Research Projects

Cognitive perceptual models in machine learning of human activities

This project will investigate advances in cognitive theories to develop activity recognition and behaviour inference models that can cope with changing concepts and allow dynamic reconfiguration  of sensor networks at run time.

Seamless integration of wearable computers & public displays for mobile collaboration in hospital

 This project targets the development and evaluation of interaction technology for wearable computers to support mobile collaboration in hospital setting. Specific focus will be paid on mixed-reality session establishment, multimodal interaction, and context-sensitive user interface adaptation based on the situation. A wearable system prototype that provides activity support both at an individual level and in collaborative settings will be designed and evaluated together with hospital partners.

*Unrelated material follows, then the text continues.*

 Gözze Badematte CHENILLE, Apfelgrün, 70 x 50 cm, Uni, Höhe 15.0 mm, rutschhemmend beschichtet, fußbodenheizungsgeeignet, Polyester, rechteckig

Personal fabrication: supporting new devices and assisted living

This research aims to understand the problems and complexities which for now prohibit a more widespread adoption of personal fabrication, especially in the area of healthcare and assisted living. This knowledge will inform the design of new systems and interfaces, empowering a broader mass to utilize and benefit from personal fabrication.

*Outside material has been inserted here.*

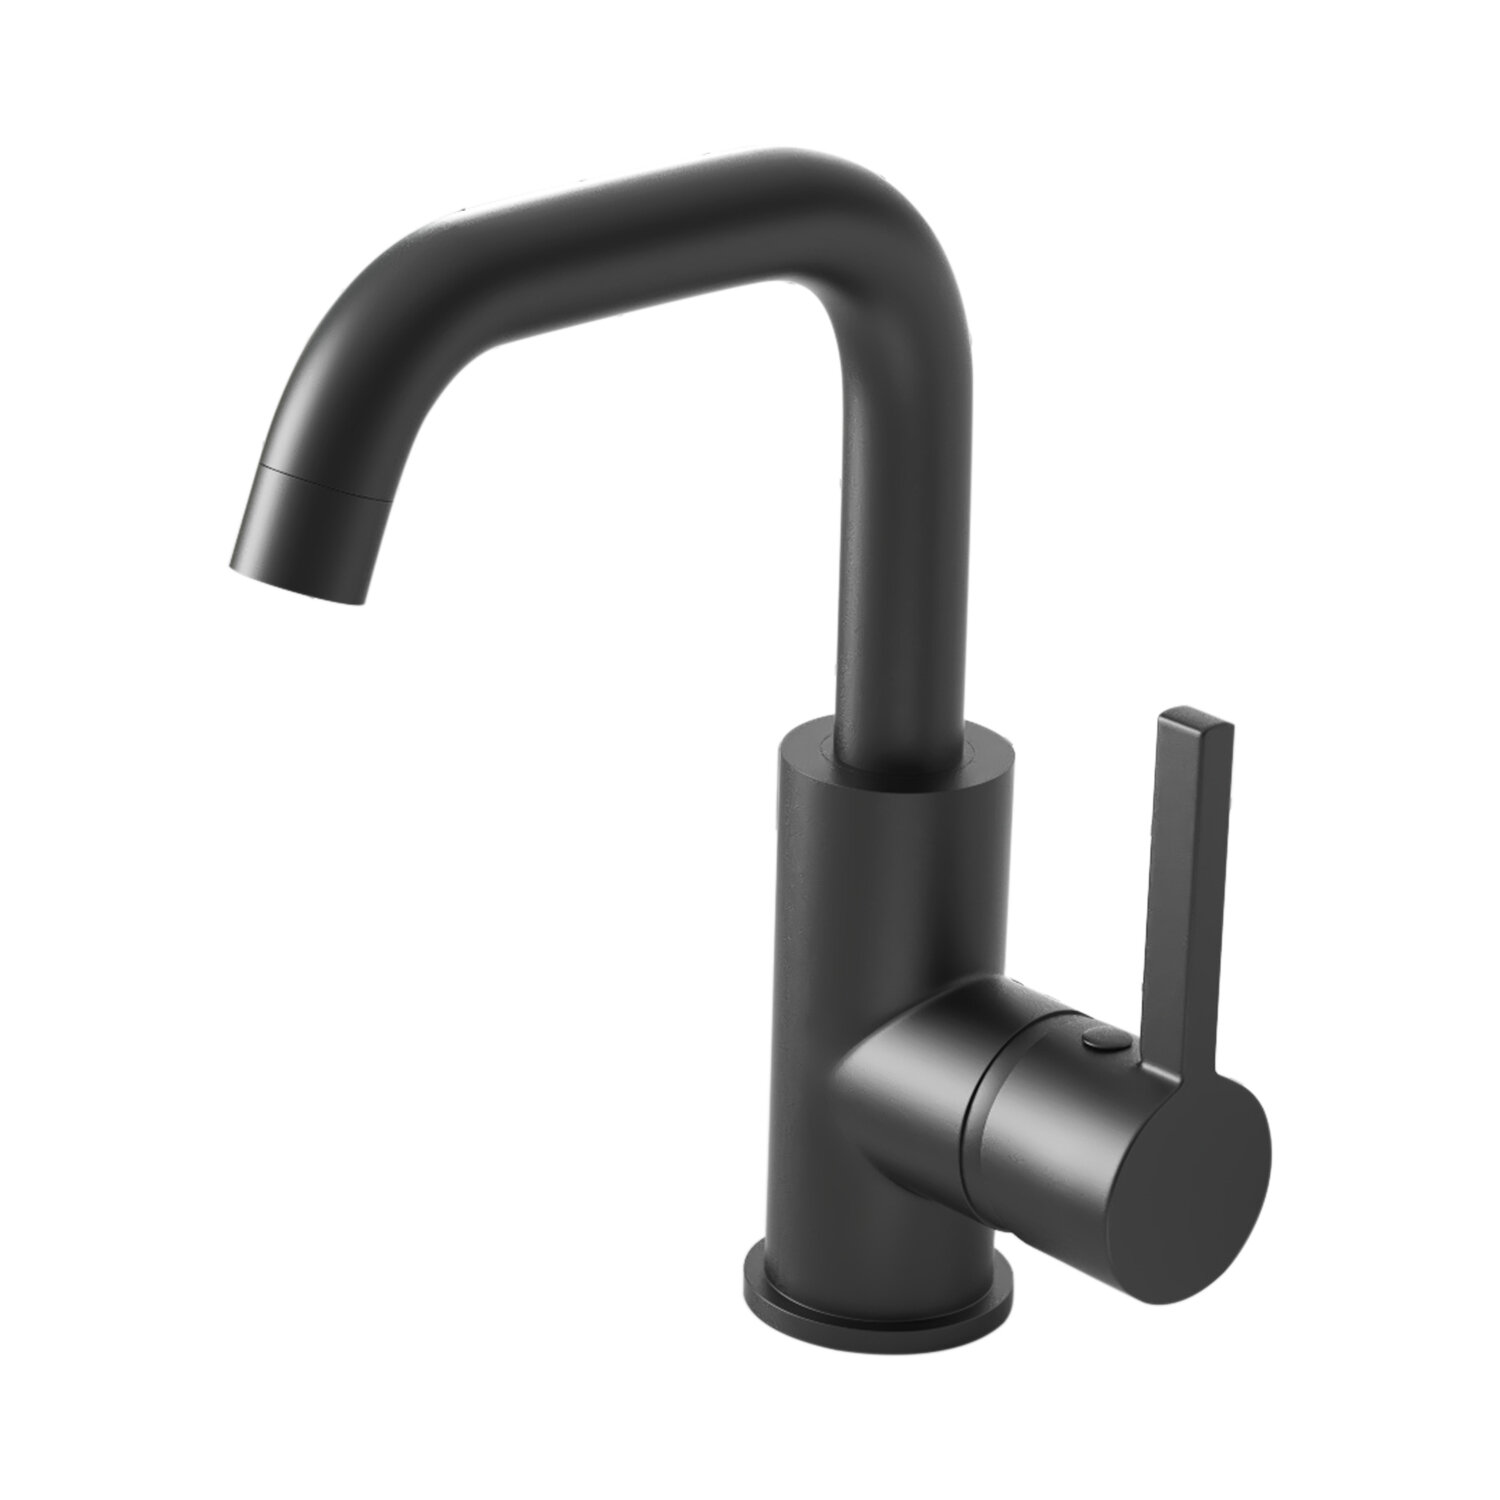 YZZY Single Hole Faucet Single-handle Bathroom Faucet & Reviews | Wayfair

Out-patient Monitoring with Wearable Sensors

The project aims at developing prototypes and algorithms for the unobtrusive monitoring of stroke survivors in out-patient therapy. Computer aided rehabilitation has so far mainly focussed on augmenting supervised and scripted motor trainings with IuK technology. Yet for comprehensive and fast motor recovery self-motivated in-vivo training, i.e. patients’ efforts to use their impaired limbs as much as they can in everyday life, is crucial.

Human Circadian Phase Estimation using Unobtrusive Wearable Sensor Data

This work focuses on the estimation of circadian phase using heart rate variability (HRV), both in the time and the frequency domain. Given the HRV signal’s proneness to masking effects, careful consideration will be given to the demasking of this signal and the selection of robust modeling techniques.

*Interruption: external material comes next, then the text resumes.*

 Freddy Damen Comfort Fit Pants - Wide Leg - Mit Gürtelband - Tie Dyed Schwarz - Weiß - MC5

Early detection of worsening heart failure using continuous non-invasive measurements

The aim of this project is to develop robust algorithms for non-invasive thoracic impedance measurements and to develop both uni- and multi-parametric algorithms to provide accurate and early alarms of worsening HF.

Semi-supervised Machine Learning for Countering Concept Drift in Security Applications

Our project is initially motivated by an access control system making use of Machine Learning to increase security and help with the potential shortcomings of rule based access control system such as missing or conflicting rules.

Embedded eyes: integrate eye-sights into objects

This project will investigate new computer vision and image processing techniques for eye tracking and gaze estimation, as well as develop novel gaze-based interface for spontaneous and casual human-computer interaction.

Long-term activity monitoring in AAL using a large-area sensitive floor

This research project aims to build such a system using SensFloor [2][3], a large-area capacitive underlay, as the main pervasive ambient sensor. SensFloor can provide information about the position and state of a person (walking speed, direction, detection of falls) .

Privacy-respecting programming

Our approach creates a data ownership map across the framework for each user in order to implement the tracking and deletion of personal data. To do so, we represent the code of a program as a set of functions and check for the existence of the corresponding inverse function -1. If -1 does not exist, the output can be stored without compromising the input, we call the function privacy respecting.